J Jensen identified a solution from the USA called SpongeJet, where blasting was carried out using tiny sponge mushrooms, instead of sand, that absorb the particles of the coating being removed, thus minimising dust and other debris production. Subsequently J Jensen, working together with a French company, developed a very effective carbon filter that efficiently removes the PCBs and lead absorbed by the sponge mushrooms. This system was then built into a container, which means that nothing escapes. The uniqueness of the J. Jensen and Omø closed system is that all dust and other hazardous vapours are directed into the container through the use of an Omø vacuum cleaning system. The PCB and lead removed by the filter from the sponge mushrooms can be packed into sealed and lined barrels directly from the container and the small sponge blasting media cleaned and reused. This means the solution also works on environmental clean-up and demolition will be significantly less risky for employees of J Jensen and Omø.

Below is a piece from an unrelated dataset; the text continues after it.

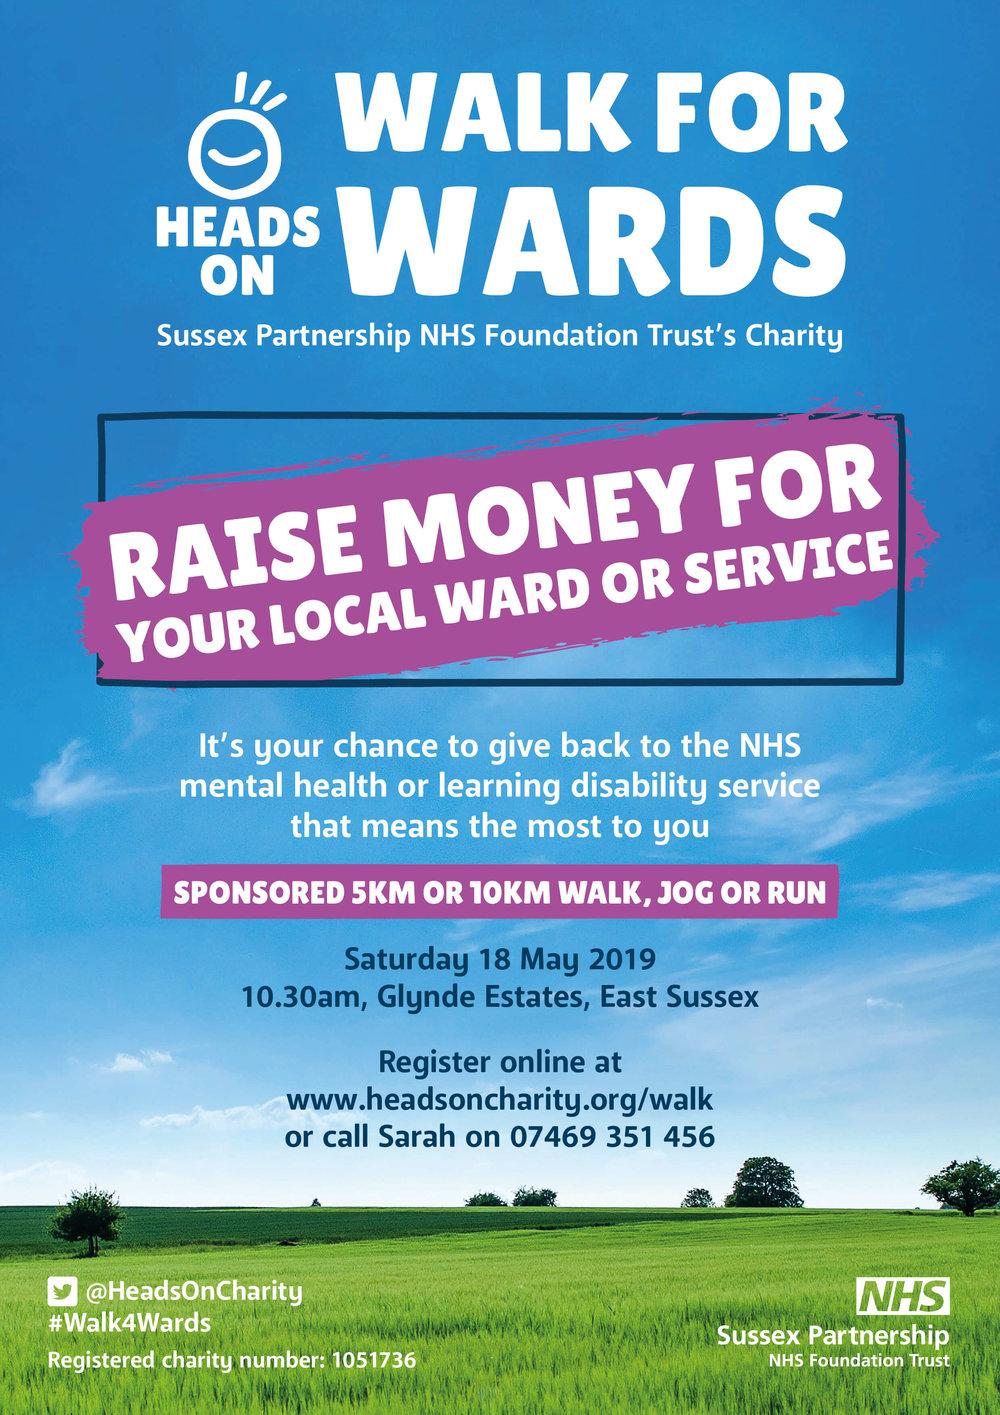 Walk For Wards 2019 Poster.jpg

The system consists of three main elements. A Sponge-Jet feed unit provides a constant flow of the sponge mushrooms, which are available in different hardnesses and surfaces depending on the nature of the coating to be removed, to improve productivity and also controls the media mix and the pressure. The Sponge-Jet media classifier cleans and separates used blowing agent into three categories – oversize waste, small waste particles, dust and broken sponge, and recycled abrasive sponge. A control unit monitors the system to ensure efficient operation and automatically shuts the Sponge-Jet system down in the event of malfunction to prevent the potential release of hazardous substances into the atmosphere.

The two companies believe that the solution has international potential. A significant number of public and private buildings not only in Denmark but across Europe are contaminated with PCBs and lead. This suggests that there are great opportunities for this Danish invention. J. Jensen A/S and Omø A/S are already in discussions with potential partners around the world concerning the use of this system.